Сашка Грек тоже оглядел стол и сказал:
— Ждать больше нельзя. Надо пить.
У Пашки же Фомина было мнение другое.
— Ты пришел сюда не пить, — сказал он.
— Вот это да! — опешил Грек. — Я пришел не пить!
В мгновение ока Сашка собрал со стола рюмки. Все заранее ахнули, ожидая, что сейчас от парадного хрусталя останутся только осколки. Но Сашка злодейства не замышлял. Он рассовал рюмки всем в руки, и, не дав никому прийти в себя, разлил по рюмкам водку.
— За новоселье! — провозгласил Сашка в полном соответствии с рекомендацией предыдущего оратора. — За новоселье. Гоп-ля! И пол-литра нет!

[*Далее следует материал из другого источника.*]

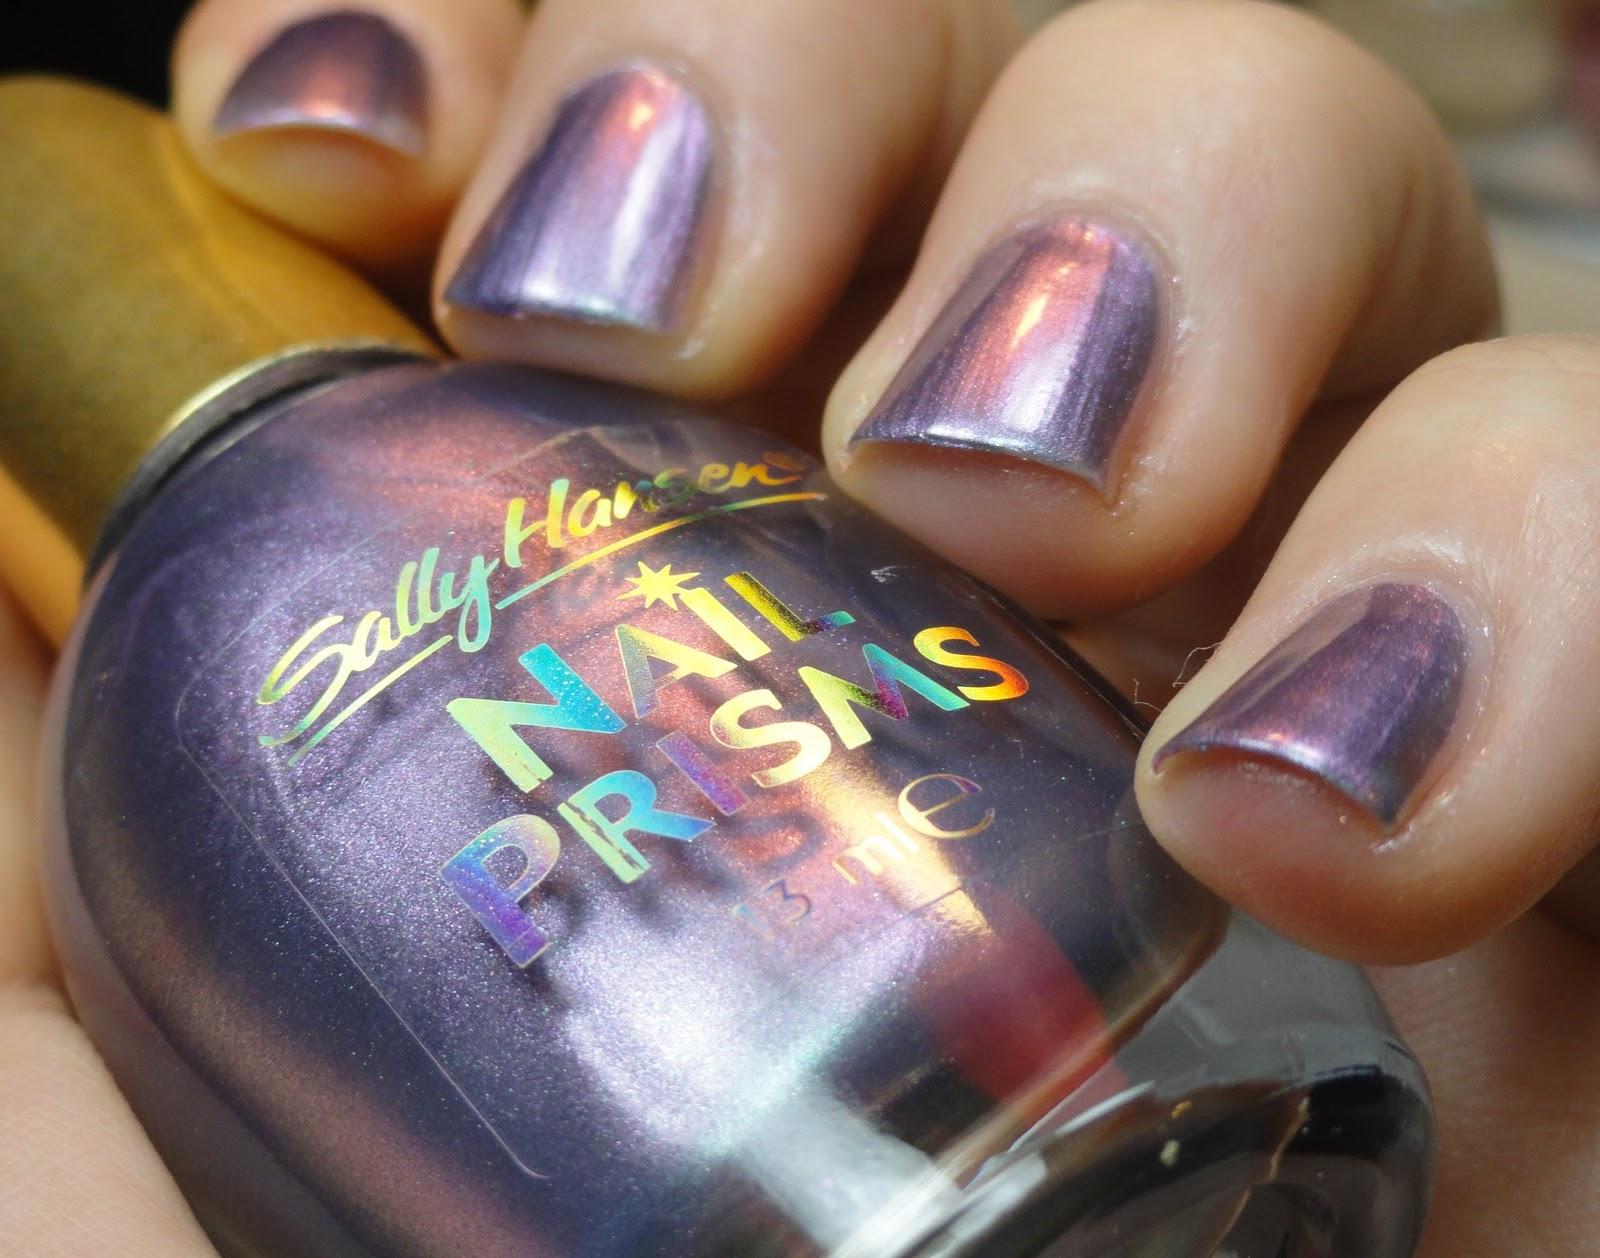 Elemental Styles Sally Hansen Nail Prisms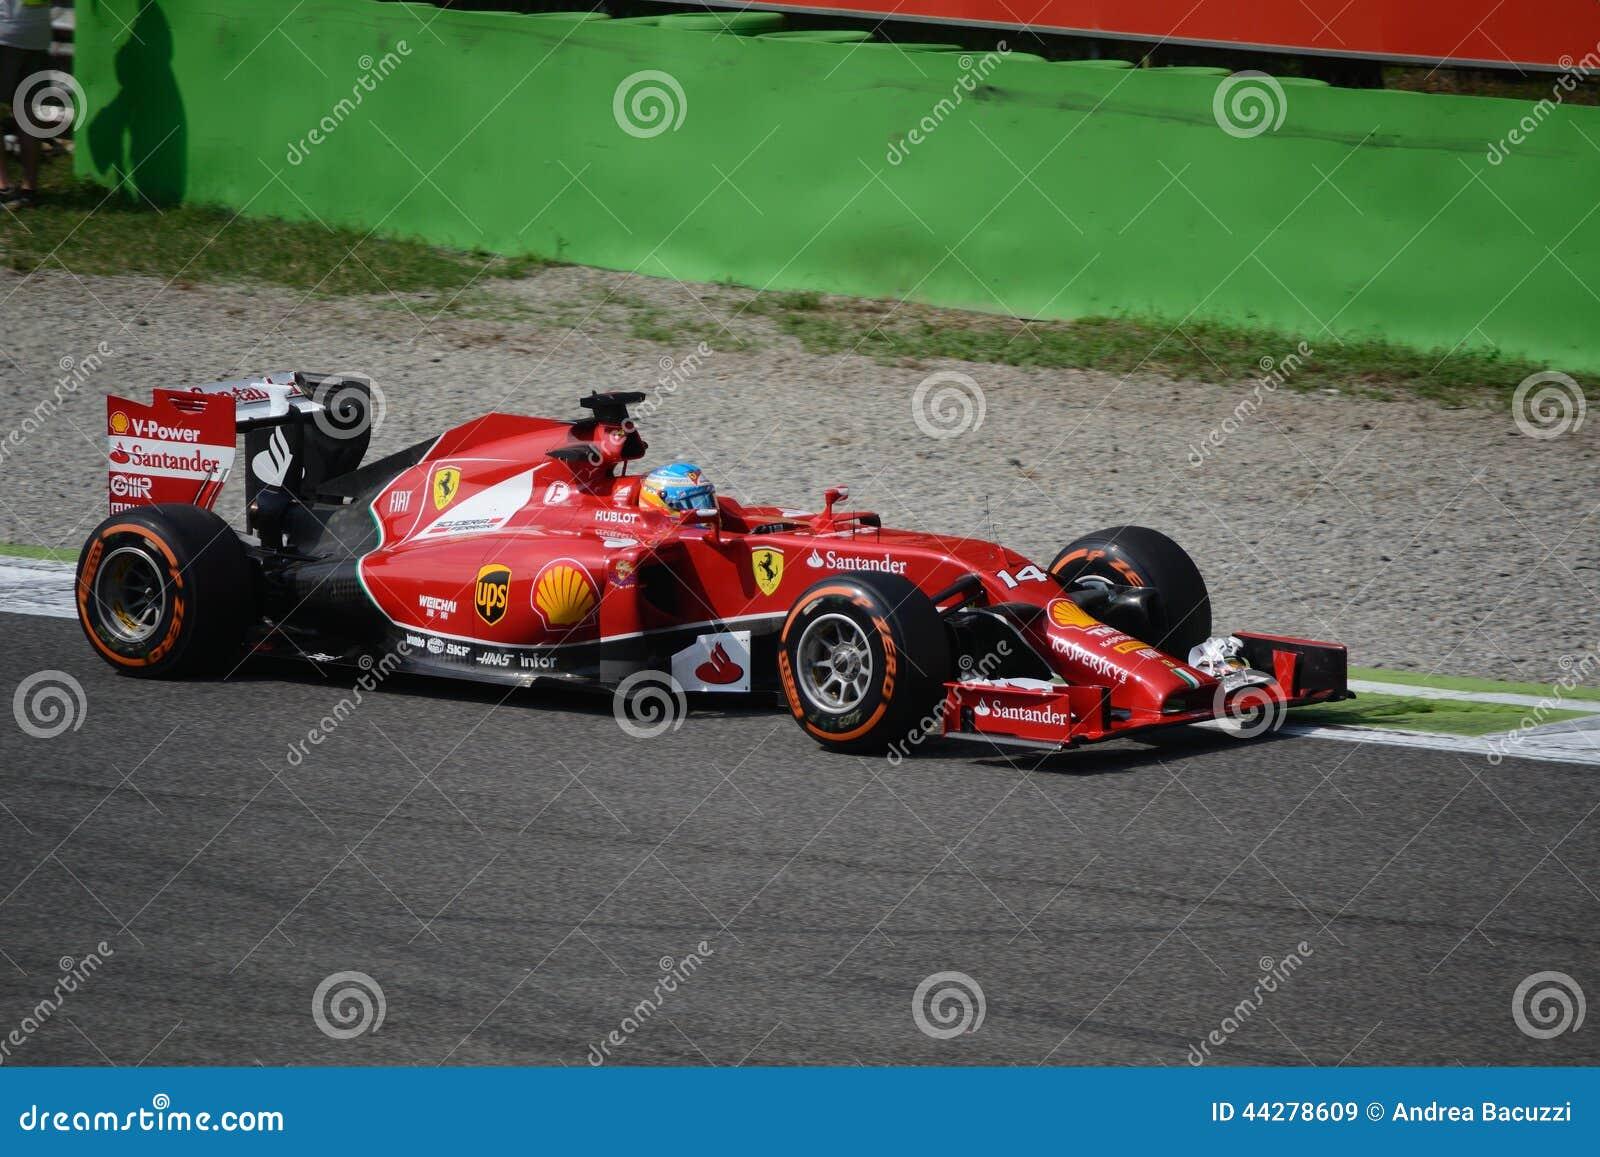 2014 F1 Monza Ferrari F14 Τ - Fernando Alonso

Все разом выпили и разом кинулись к столу — схватить на закуску что придется. Зачин был сделан, сигнал был дан. Через минуту все сидели за столом. Даже Пашка Фомин, который пришел не пить, — он же наполнял рюмки.
— А теперь вот что, — сказал он, легко покрывая всех басом. — Спросим у хозяина дома, что присудили нам позавчера.
— Алименты! — догадался кто-то.
Грохнул смех.
— Степан, что тебе присудили? — спросил Карякин.
Откупоривая бутылку, Степан оглянулся на собрание, махнул рукой и отвернулся опять. Пашка, подойдя, тронул его за плечо.
— Слушай, ты знаешь что?
Степан и его не удостоил ответом. Пашка вынужден был обратиться за сочувствием к коллективу:
— Два дня, как мы бригада коммунистического труда. А тот меланхолик молчит. И за эту пресную личность я голосовал на выборах! Опускал бюллетень! — Пашка изобразил, как чинно он опускал бюллетень за Степана.
Компания зашумела.
— А я что? — взмолился Степан. — Я ничего! Повод достойный, и давайте по этому поводу… (Чок рюмки. Чок-чок-чок!) Вот так. Закусим как следует.